### Work request
Return every line of the data below exactly, but do not include the images.

### Data block
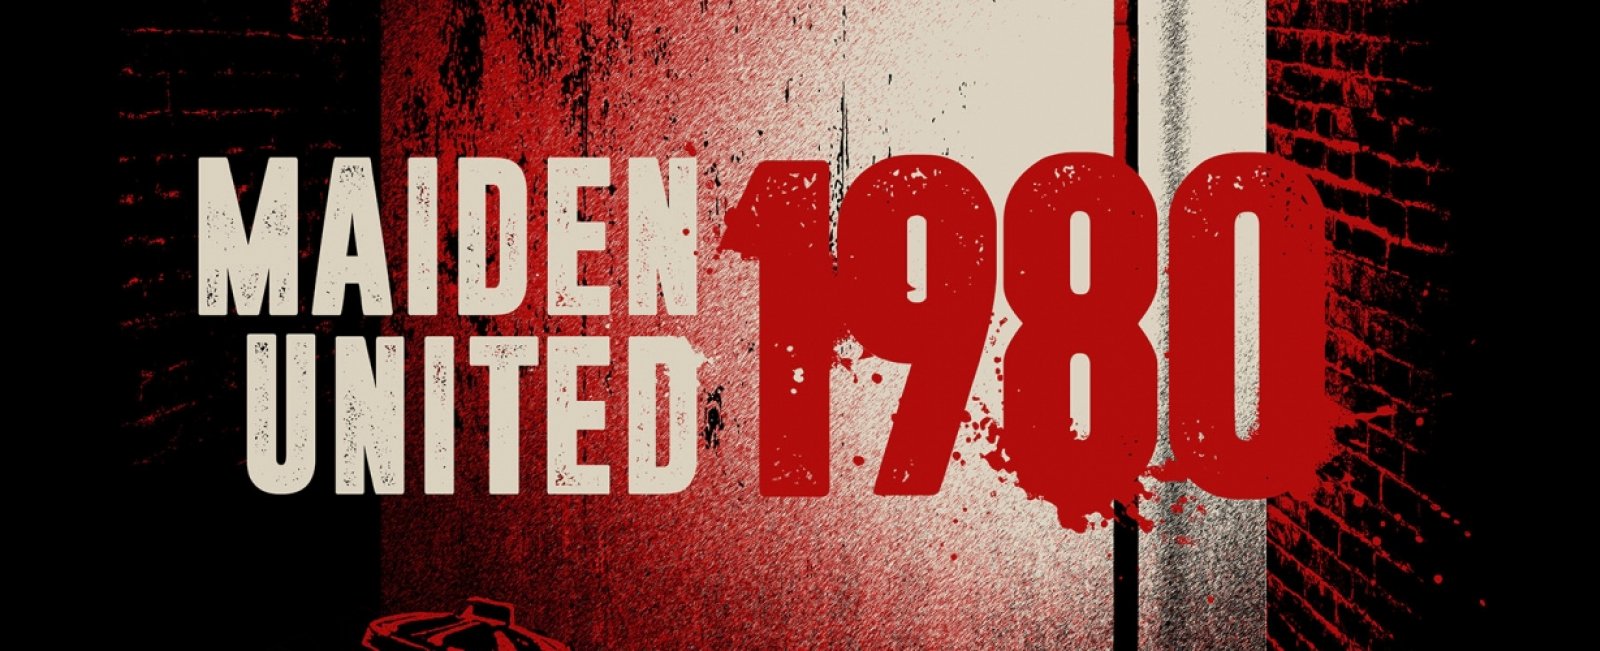 Maiden uniteD: 1980
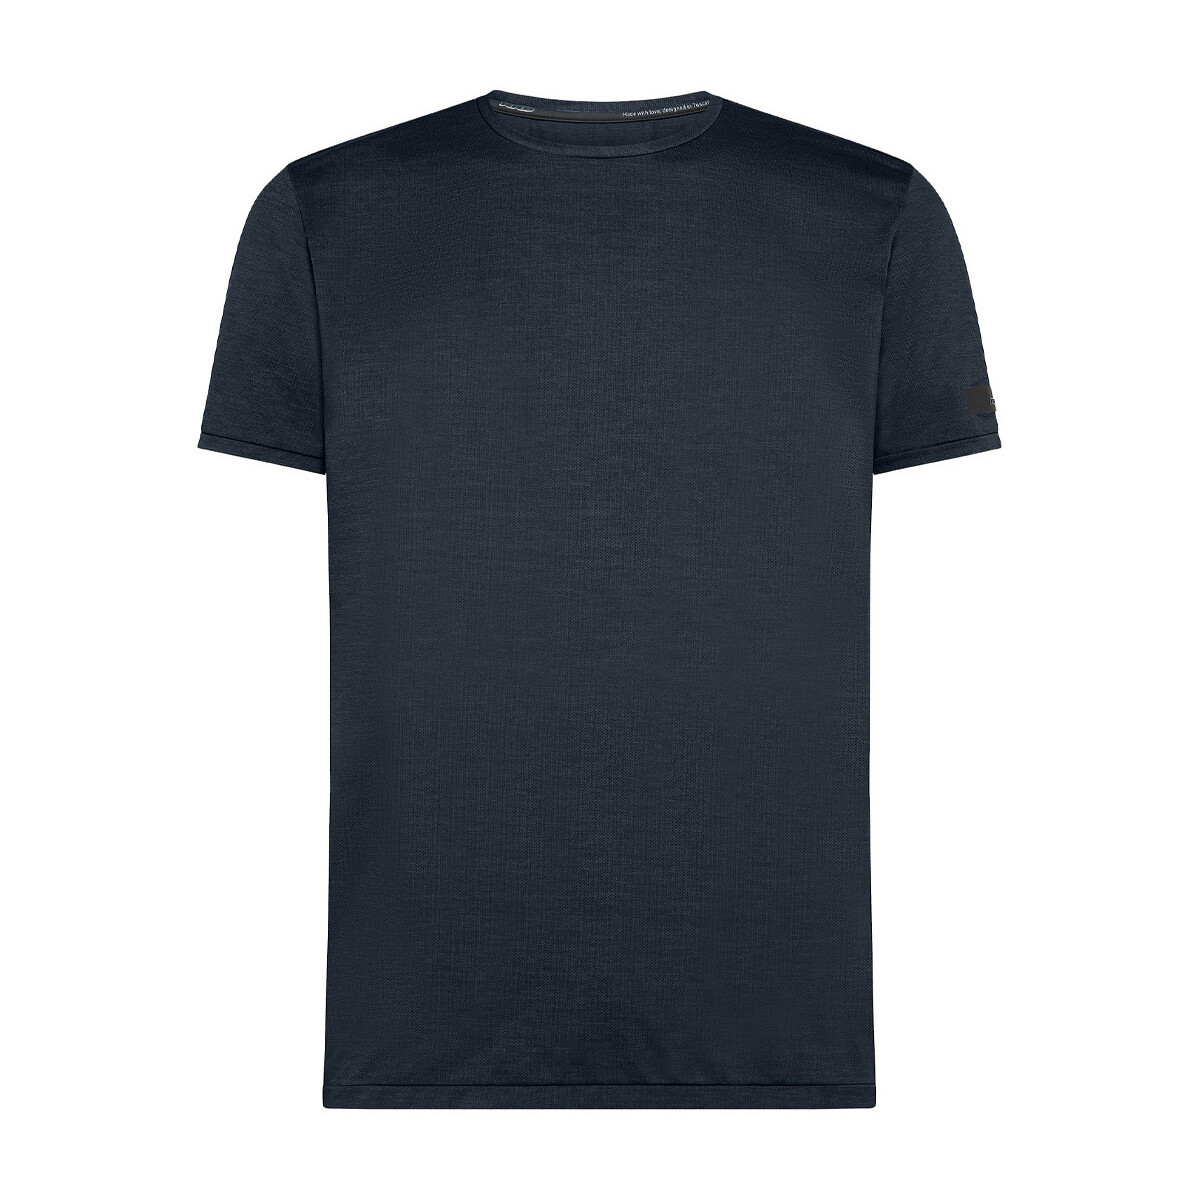 Abbigliamento Uomo T-shirt maniche corte Rrd - Roberto Ricci Designs 24215-60 Blu
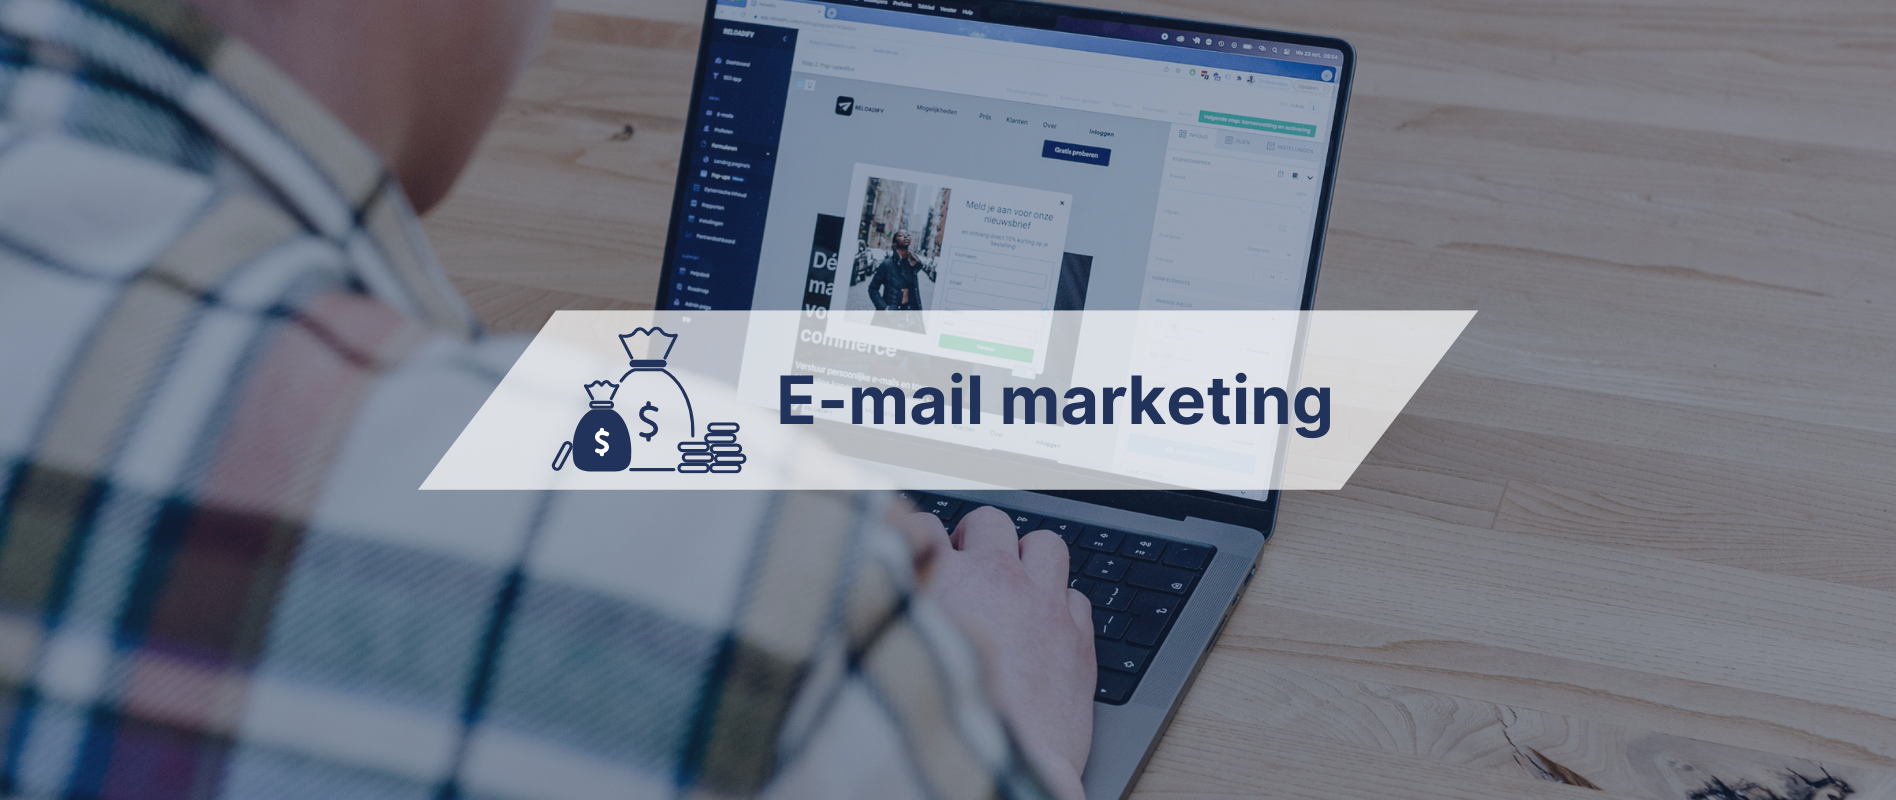 Wat is opt in en hoe werkt het voor e-mail marketing? Met best practices! 
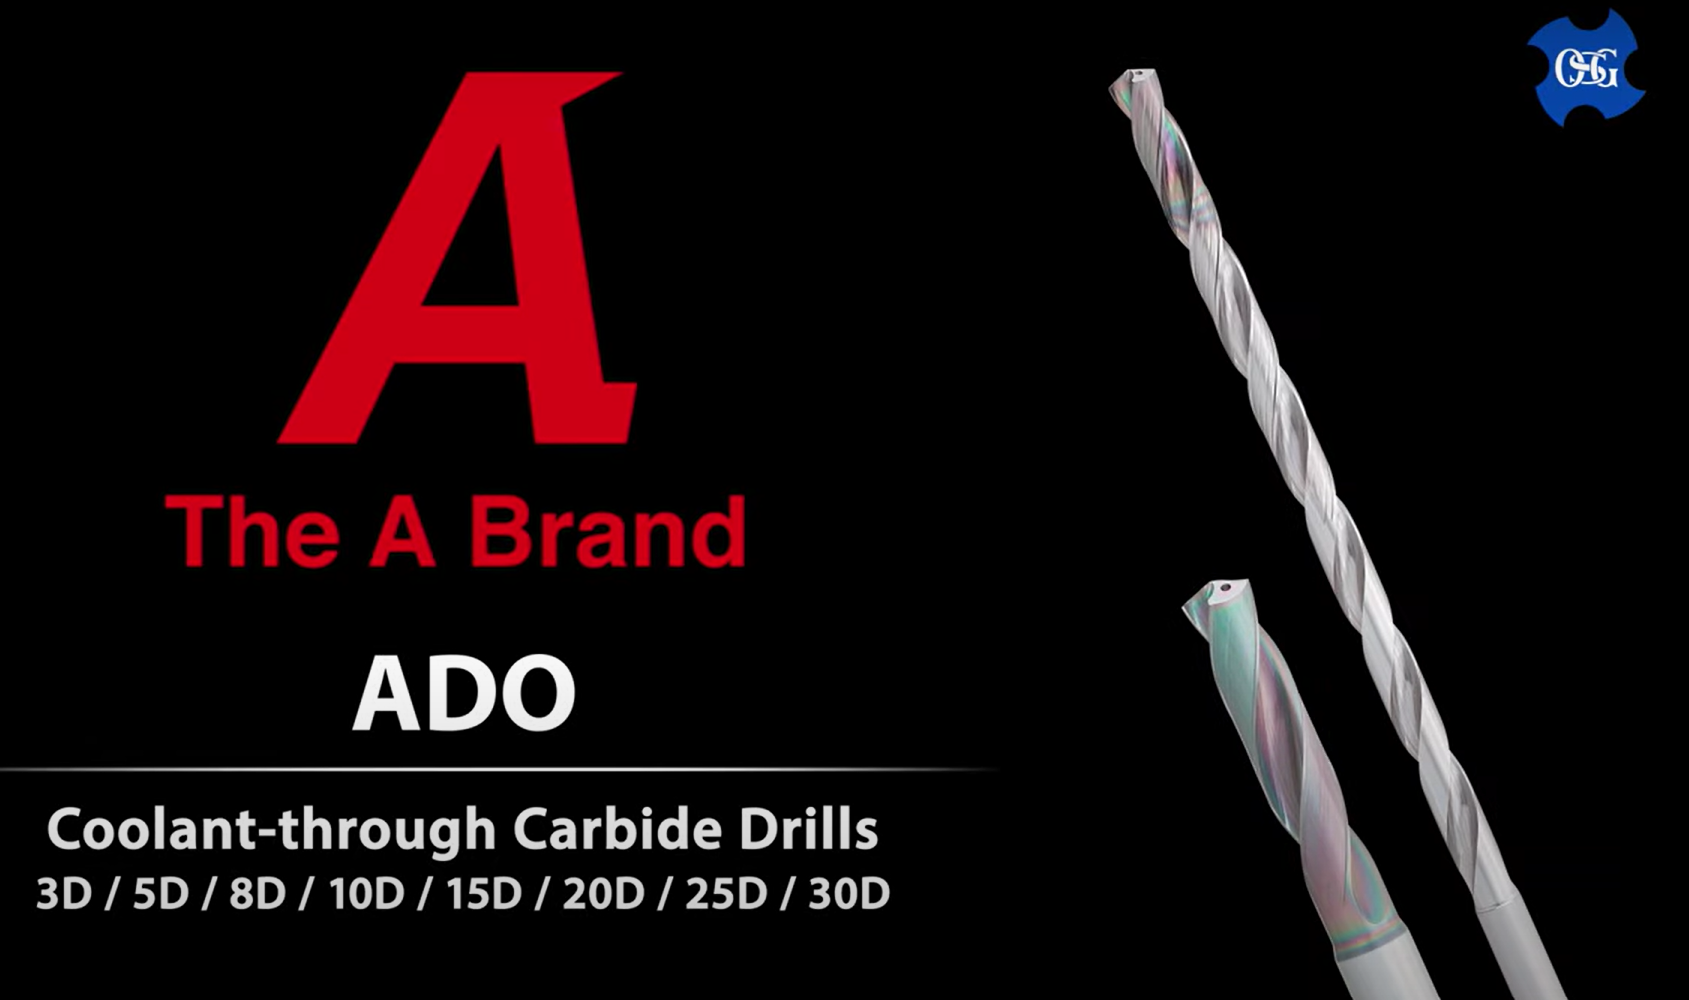 ADO (R Gash) Coolant-through Carbide Drill Series

### Answer box
 Maiden uniteD: 1980
 Abbigliamento Uomo T-shirt maniche corte Rrd - Roberto Ricci Designs 24215-60 Blu
 Wat is opt in en hoe werkt het voor e-mail marketing? Met best practices! 
 ADO (R Gash) Coolant-through Carbide Drill Series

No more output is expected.